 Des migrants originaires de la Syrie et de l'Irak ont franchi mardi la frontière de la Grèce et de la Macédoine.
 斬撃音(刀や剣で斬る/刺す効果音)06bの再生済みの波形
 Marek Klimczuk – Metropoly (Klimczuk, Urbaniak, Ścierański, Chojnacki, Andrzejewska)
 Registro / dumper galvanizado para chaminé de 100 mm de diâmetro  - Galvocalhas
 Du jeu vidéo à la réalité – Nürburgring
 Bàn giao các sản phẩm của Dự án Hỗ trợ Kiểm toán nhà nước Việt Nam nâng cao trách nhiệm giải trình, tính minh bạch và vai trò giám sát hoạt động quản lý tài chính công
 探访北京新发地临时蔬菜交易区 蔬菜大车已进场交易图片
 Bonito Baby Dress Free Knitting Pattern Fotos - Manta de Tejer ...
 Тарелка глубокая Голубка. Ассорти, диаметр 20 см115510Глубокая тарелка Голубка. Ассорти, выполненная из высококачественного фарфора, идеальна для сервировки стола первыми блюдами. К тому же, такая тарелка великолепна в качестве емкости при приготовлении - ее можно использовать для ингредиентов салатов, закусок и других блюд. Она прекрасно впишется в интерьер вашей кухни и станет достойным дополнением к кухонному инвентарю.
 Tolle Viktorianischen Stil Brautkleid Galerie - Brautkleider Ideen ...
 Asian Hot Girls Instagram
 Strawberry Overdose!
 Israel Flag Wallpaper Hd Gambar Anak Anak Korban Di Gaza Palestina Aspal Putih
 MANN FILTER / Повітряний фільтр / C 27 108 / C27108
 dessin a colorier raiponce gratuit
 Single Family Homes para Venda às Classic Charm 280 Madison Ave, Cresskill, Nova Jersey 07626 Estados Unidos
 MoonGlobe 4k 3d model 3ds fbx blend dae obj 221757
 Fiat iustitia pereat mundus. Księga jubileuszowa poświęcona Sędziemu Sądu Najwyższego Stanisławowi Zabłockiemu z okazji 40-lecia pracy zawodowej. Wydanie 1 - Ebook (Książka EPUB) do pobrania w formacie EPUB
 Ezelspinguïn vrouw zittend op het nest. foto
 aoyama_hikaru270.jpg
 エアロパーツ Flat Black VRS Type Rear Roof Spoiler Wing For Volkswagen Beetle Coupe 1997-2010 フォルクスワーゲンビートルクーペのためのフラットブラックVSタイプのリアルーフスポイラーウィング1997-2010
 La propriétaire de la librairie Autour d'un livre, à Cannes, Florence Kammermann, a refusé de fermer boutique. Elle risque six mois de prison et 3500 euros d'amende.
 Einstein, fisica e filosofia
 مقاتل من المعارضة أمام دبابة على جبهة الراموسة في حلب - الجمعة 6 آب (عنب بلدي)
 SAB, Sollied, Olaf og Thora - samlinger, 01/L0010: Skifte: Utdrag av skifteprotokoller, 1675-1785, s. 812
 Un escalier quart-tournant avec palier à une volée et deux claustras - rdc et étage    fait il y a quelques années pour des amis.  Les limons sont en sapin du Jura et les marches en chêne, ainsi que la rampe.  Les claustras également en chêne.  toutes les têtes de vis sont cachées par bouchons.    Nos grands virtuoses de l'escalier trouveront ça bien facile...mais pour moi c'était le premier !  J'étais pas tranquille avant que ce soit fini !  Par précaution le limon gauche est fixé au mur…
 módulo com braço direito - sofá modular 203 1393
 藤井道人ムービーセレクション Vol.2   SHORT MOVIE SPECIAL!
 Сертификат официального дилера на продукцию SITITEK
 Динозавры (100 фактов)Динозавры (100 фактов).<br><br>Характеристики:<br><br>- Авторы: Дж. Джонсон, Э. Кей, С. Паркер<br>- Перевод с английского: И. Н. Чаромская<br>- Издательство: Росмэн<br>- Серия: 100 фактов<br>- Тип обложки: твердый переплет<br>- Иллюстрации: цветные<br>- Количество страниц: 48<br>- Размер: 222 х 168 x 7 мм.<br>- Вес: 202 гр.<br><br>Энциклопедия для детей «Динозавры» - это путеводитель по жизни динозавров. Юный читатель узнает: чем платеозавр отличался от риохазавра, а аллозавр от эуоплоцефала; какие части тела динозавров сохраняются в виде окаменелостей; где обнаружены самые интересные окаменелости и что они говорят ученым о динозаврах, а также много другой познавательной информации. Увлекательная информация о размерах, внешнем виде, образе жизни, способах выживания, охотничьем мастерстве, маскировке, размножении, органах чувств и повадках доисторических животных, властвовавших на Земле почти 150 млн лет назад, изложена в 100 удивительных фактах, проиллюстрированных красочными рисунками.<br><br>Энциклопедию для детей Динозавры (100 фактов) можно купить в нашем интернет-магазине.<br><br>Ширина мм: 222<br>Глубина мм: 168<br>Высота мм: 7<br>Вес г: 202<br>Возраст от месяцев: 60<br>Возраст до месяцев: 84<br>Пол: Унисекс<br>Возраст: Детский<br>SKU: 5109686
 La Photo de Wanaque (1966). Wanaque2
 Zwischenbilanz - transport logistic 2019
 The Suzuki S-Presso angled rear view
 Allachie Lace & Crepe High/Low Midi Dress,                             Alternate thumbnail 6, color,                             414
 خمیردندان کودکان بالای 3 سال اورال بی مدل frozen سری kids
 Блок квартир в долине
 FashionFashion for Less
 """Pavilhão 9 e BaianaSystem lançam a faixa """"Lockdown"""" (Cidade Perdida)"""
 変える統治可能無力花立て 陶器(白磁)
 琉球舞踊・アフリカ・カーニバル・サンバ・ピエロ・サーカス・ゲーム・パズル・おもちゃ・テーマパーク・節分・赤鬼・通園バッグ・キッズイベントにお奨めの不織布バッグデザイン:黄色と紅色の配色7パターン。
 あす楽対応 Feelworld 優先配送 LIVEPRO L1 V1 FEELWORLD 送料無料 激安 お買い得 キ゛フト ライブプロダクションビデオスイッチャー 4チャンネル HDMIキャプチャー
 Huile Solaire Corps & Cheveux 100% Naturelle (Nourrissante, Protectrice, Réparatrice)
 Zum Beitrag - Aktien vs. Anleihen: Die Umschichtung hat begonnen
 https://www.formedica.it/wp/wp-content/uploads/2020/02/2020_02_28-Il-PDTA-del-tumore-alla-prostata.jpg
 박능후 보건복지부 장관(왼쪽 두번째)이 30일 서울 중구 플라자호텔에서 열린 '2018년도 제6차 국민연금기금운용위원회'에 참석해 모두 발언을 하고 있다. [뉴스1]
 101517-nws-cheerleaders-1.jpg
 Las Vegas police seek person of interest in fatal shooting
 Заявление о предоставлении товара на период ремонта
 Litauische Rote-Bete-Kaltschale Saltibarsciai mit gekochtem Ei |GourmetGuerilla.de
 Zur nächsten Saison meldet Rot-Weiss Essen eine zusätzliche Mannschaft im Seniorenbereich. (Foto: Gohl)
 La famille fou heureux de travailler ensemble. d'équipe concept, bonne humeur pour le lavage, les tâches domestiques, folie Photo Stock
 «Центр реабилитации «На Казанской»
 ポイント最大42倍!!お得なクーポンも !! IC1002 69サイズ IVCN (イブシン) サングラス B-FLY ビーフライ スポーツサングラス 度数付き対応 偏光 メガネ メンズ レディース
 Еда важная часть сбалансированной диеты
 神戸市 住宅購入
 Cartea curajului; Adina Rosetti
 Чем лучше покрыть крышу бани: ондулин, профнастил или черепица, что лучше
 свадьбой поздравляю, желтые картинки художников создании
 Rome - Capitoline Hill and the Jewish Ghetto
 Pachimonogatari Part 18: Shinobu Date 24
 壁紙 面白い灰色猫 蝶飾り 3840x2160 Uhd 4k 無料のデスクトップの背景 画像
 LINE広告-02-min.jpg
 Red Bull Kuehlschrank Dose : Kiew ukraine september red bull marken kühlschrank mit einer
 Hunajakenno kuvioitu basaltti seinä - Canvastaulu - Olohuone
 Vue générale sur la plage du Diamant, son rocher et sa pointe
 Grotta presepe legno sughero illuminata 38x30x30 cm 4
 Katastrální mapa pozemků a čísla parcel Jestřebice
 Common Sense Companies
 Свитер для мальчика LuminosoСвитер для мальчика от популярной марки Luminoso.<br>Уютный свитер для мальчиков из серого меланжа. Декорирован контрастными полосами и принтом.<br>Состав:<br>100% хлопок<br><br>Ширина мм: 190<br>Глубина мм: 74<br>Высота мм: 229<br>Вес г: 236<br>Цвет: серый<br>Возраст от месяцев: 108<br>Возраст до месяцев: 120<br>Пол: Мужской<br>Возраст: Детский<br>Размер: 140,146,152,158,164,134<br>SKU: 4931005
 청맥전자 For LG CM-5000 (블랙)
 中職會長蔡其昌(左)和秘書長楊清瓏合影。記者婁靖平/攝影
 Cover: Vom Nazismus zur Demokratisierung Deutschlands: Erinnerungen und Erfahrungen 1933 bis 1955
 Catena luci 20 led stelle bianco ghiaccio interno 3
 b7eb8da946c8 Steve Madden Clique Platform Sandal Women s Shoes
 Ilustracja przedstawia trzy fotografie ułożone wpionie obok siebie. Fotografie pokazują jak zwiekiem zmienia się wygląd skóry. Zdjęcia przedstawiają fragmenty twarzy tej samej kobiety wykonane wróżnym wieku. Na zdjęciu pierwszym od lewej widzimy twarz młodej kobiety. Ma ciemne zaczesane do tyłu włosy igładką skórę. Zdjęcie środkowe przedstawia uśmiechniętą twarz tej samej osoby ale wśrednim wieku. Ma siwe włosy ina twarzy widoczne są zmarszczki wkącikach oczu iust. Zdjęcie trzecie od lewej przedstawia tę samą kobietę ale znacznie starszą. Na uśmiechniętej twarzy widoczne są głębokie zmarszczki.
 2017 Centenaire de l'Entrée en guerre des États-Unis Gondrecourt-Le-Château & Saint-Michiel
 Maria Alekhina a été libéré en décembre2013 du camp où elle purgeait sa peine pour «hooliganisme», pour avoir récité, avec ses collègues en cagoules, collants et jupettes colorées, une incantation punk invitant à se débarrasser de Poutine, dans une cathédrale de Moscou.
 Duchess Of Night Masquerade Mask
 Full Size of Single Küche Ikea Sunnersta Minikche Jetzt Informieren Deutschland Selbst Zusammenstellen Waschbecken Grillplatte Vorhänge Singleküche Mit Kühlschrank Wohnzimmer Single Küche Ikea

━━━━━━━━━━

All lines from the one that holds "Duchess Of Night Masquerade Mask" to the end of the entries above must be transcribed exactly, both ends included, and no others.

■ **Result below**:
 Duchess Of Night Masquerade Mask
 Full Size of Single Küche Ikea Sunnersta Minikche Jetzt Informieren Deutschland Selbst Zusammenstellen Waschbecken Grillplatte Vorhänge Singleküche Mit Kühlschrank Wohnzimmer Single Küche Ikea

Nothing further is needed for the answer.